SUPPLIED INFORMATION:
━━━━━━
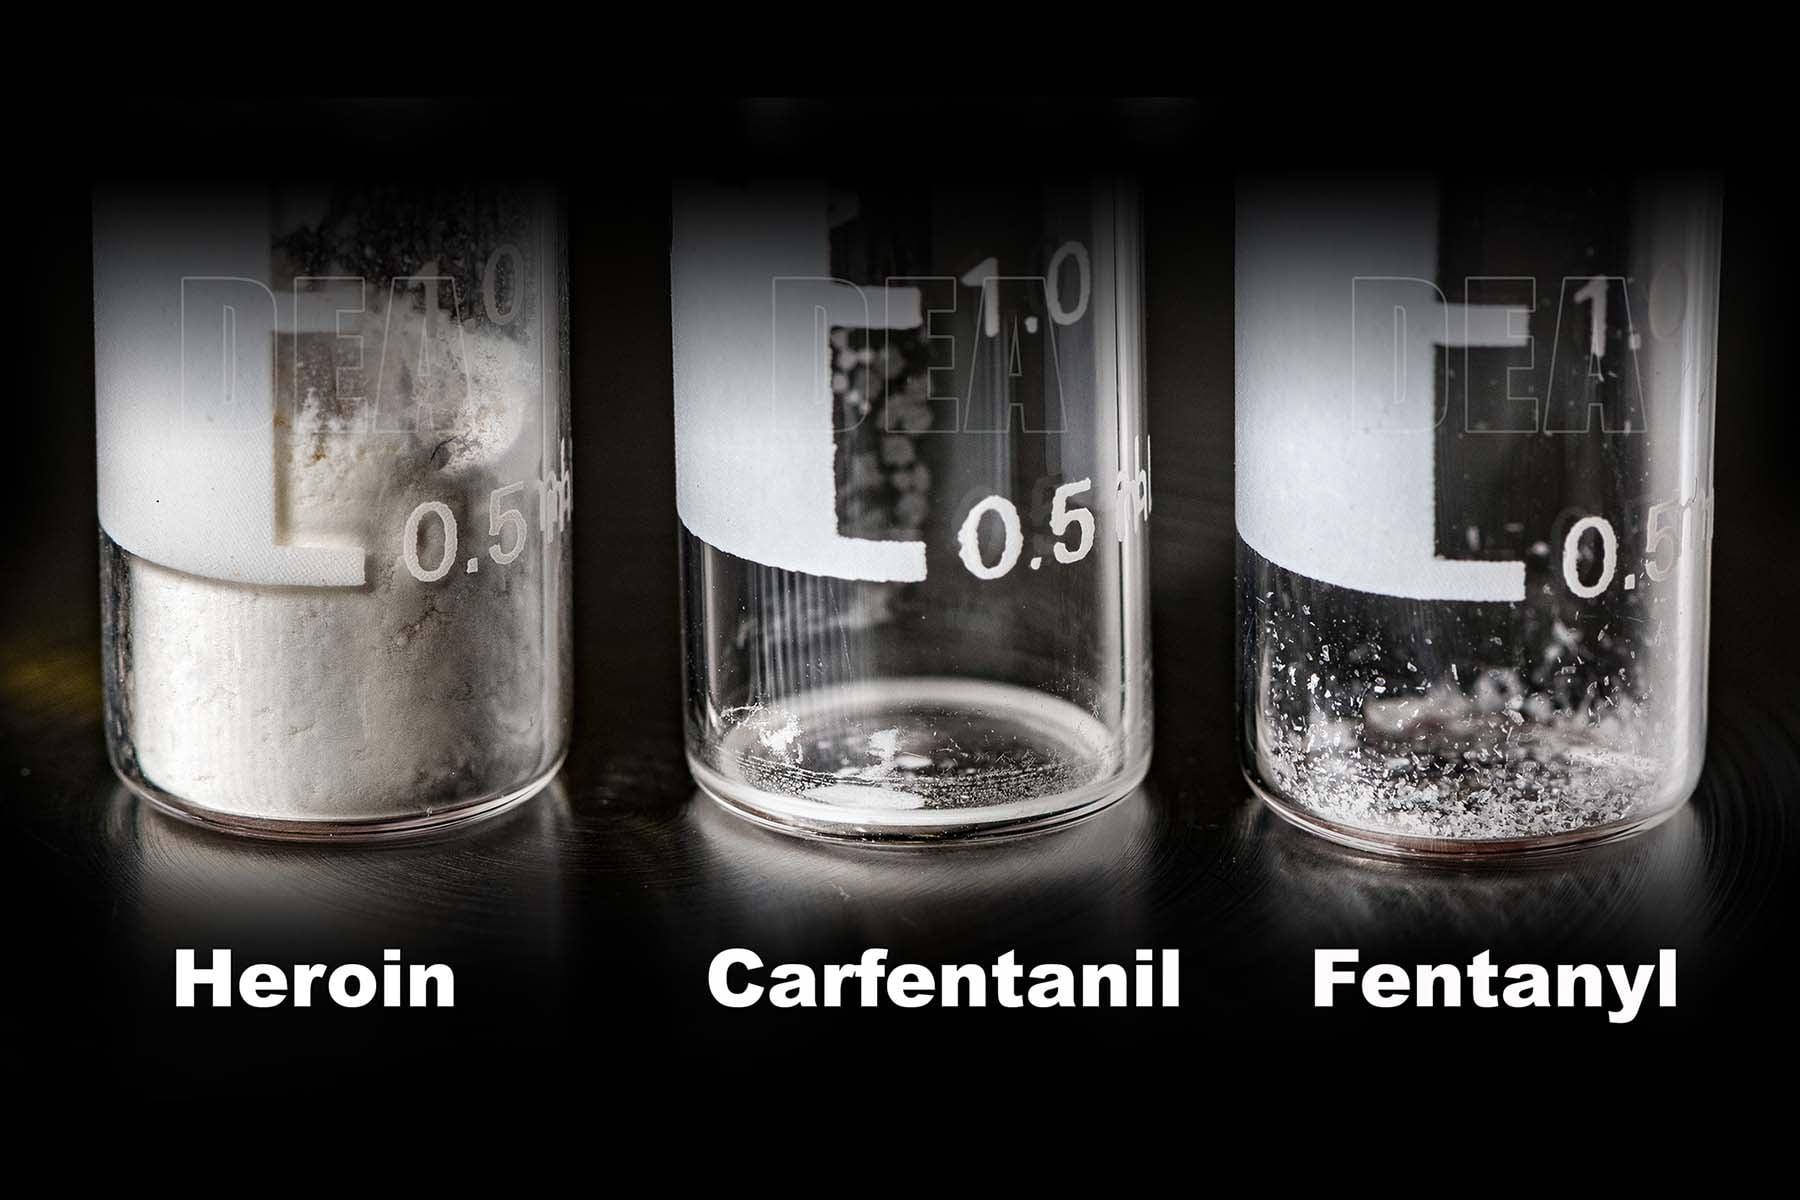 heroin carfentanil fentanyl
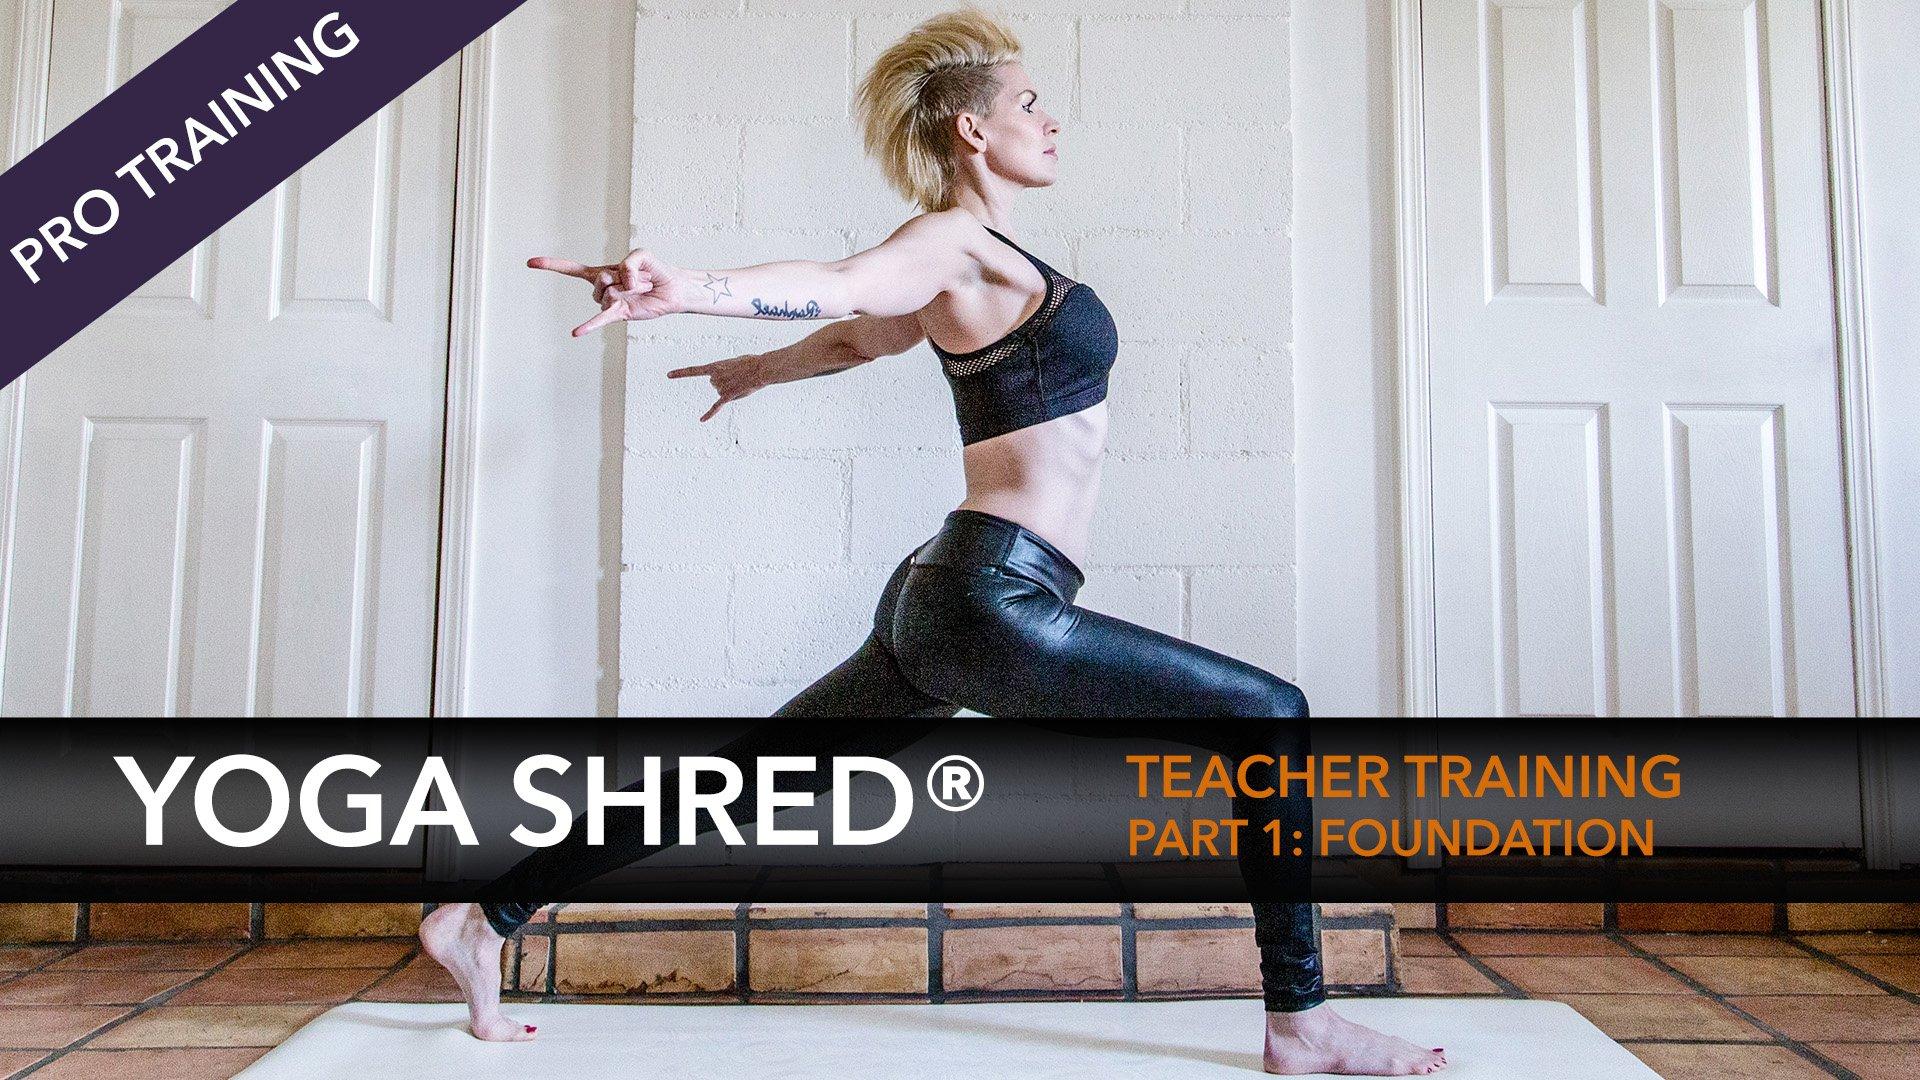 Yoga Shred Teacher Training Part 1 Foundation
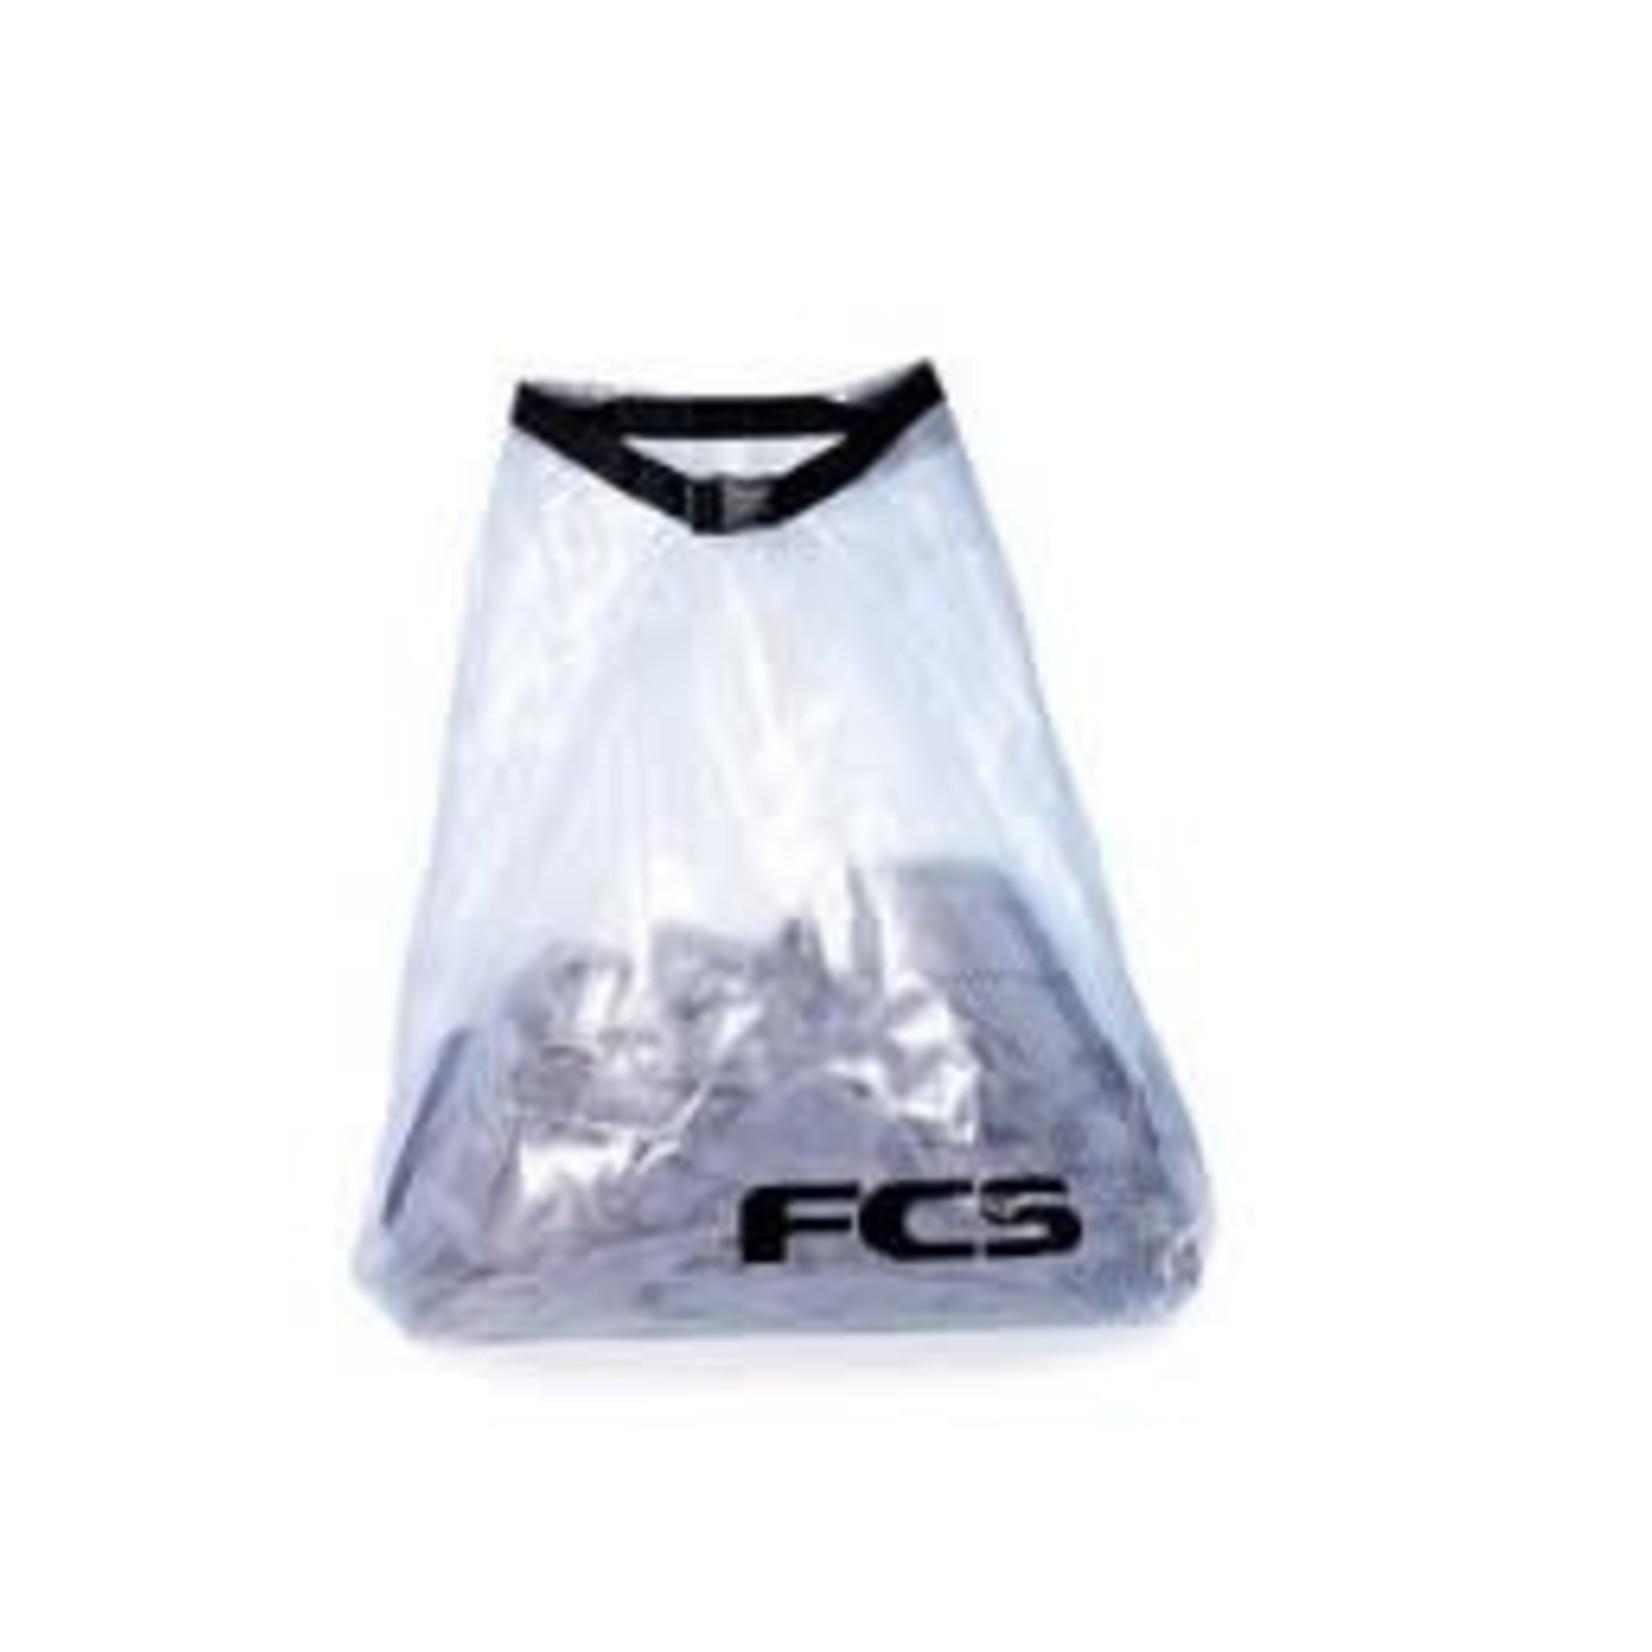 FCS FCS Large Wet/Dry Bag
━━━━━━
WORK TO COMPLETE: The material above is to be transcribed exactly, with all pictures omitted.

EXERCISE RESPONSE:
 heroin carfentanil fentanyl
 Yoga Shred Teacher Training Part 1 Foundation
 FCS FCS Large Wet/Dry Bag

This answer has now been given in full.